Okay, so obviously, we're not fans of the stuff and many of the delightful perversities ... er, idiosyncracies of doing business with Chinese characteristics. But, alas, we know: it's all about fun and love and our host just wants to know what we look like when we are hysterically drunk against our will so that we can be very close friends and reminisce about our over-indulgence. "Ha! That was just degrading!" we'll laugh one day.
In any case, it seems that at least some Chinese should agree that a live-pickling is not such a good idea, as Reuters is reporting that the Shanghai Daily is reporting that that five Chinese power bureau officials have been dismissed or demoted after 25-year-old Hebei man, Zhang Hongtao was found dead after a night of binge drinking.

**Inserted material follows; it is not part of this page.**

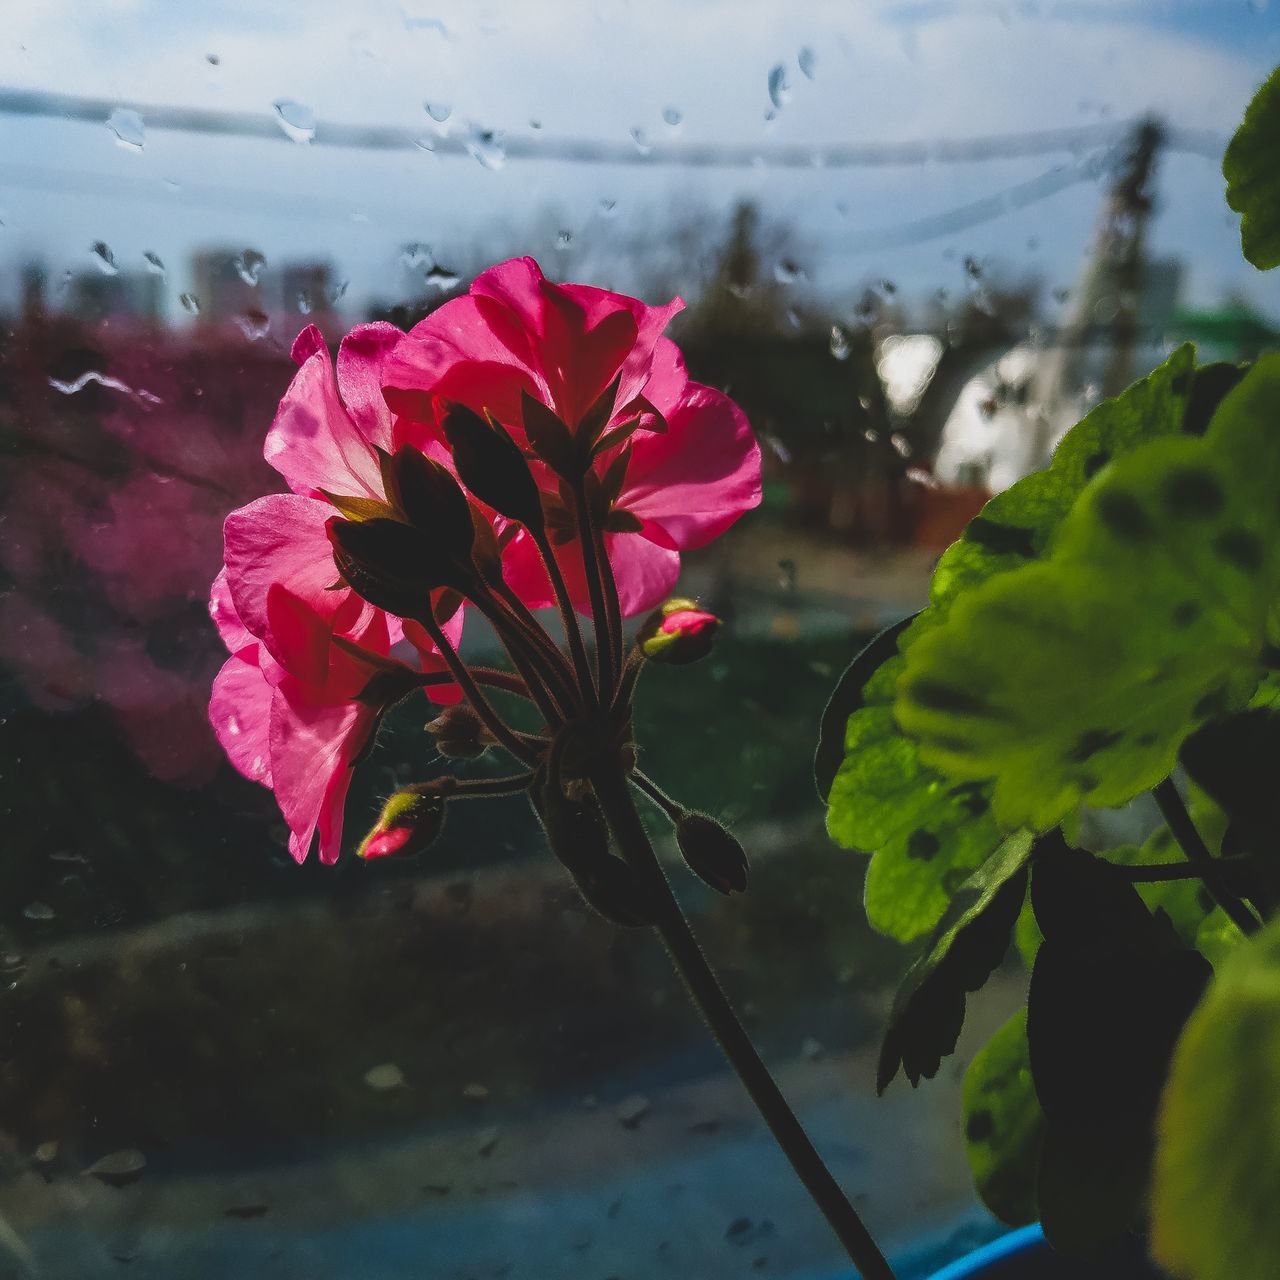 flower, flowering plant, fragility, plant, vulnerability, beauty in nature, freshness, petal, close-up, inflorescence, flower head, growth, pink color, nature, plant part, leaf, no people, focus on foreground, water, outdoors, raindrop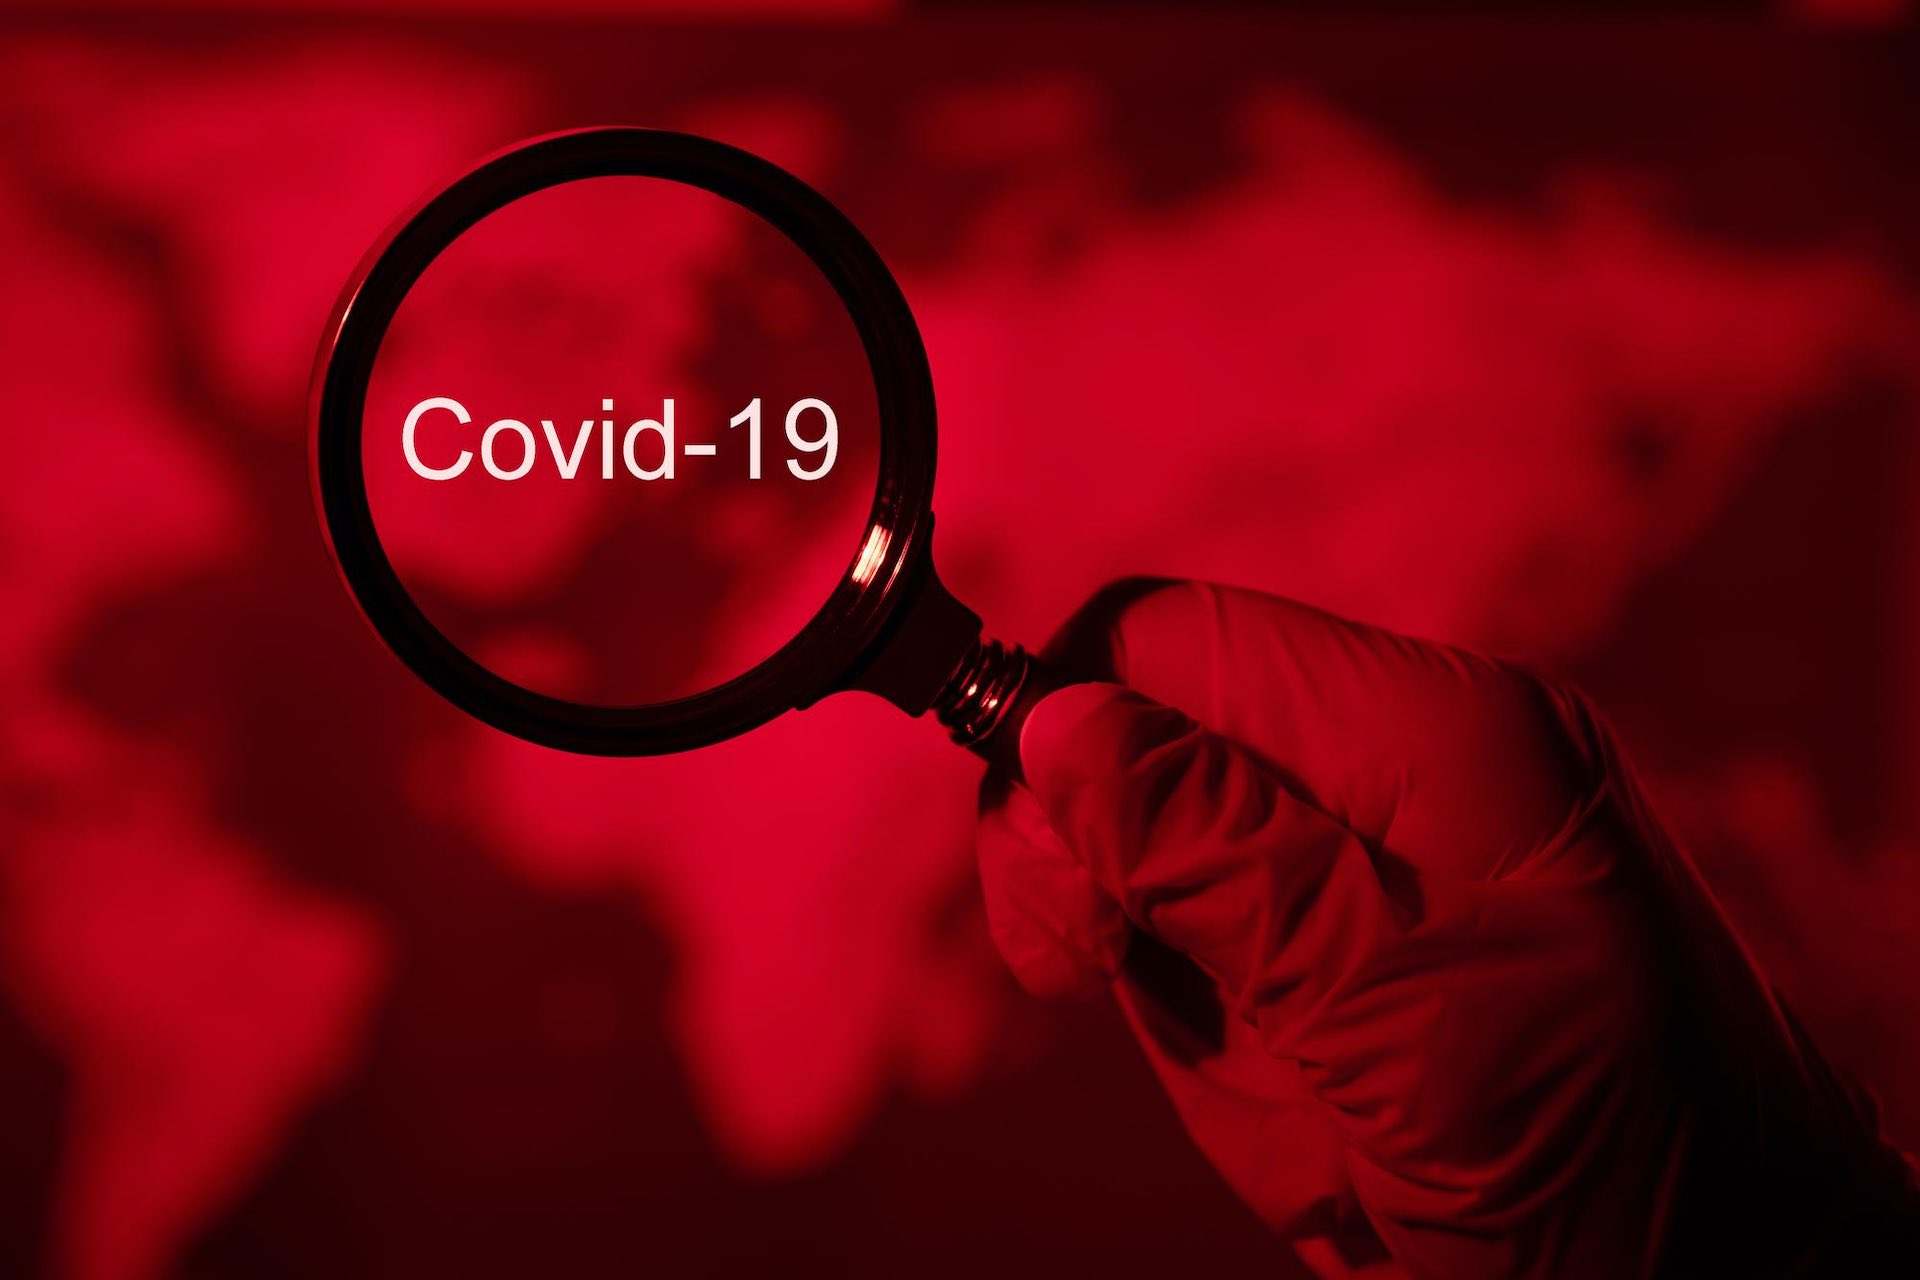 One million deaths reported from COVID-19 worldwide in 2022 - WHO

"That night, Zhang consumed a lot of alcohol and became very ill. When the bureau invited the group to dine again the next day, Zhang's lifeless body was found, which Zhang's family said was due to alcohol poisoning."
The story might have died with [Zhang] in April were it not for subsequent revelations that the fatally lavish binges were paid for by the company he was supposed to be inspecting, Yanshan Power Supply.Mr Zhang's case is now held up as an example of how widespread bribery has become in China, despite frequent highly publicised crackdowns and a ban on corporate entertaining of auditors.
This incident follows a similar case in Zhejiang last month in which eight friends were ordered to pay compensation after a guest they "made drink too much" collapsed and died at a banquet.
One would think that the intrinsic charms of the drink would be a deterrent to such depravity, but like corruption, pounding baijiu is simply a fact of the moment here.
Does anyone know where we can get a good deal on a new or used liver?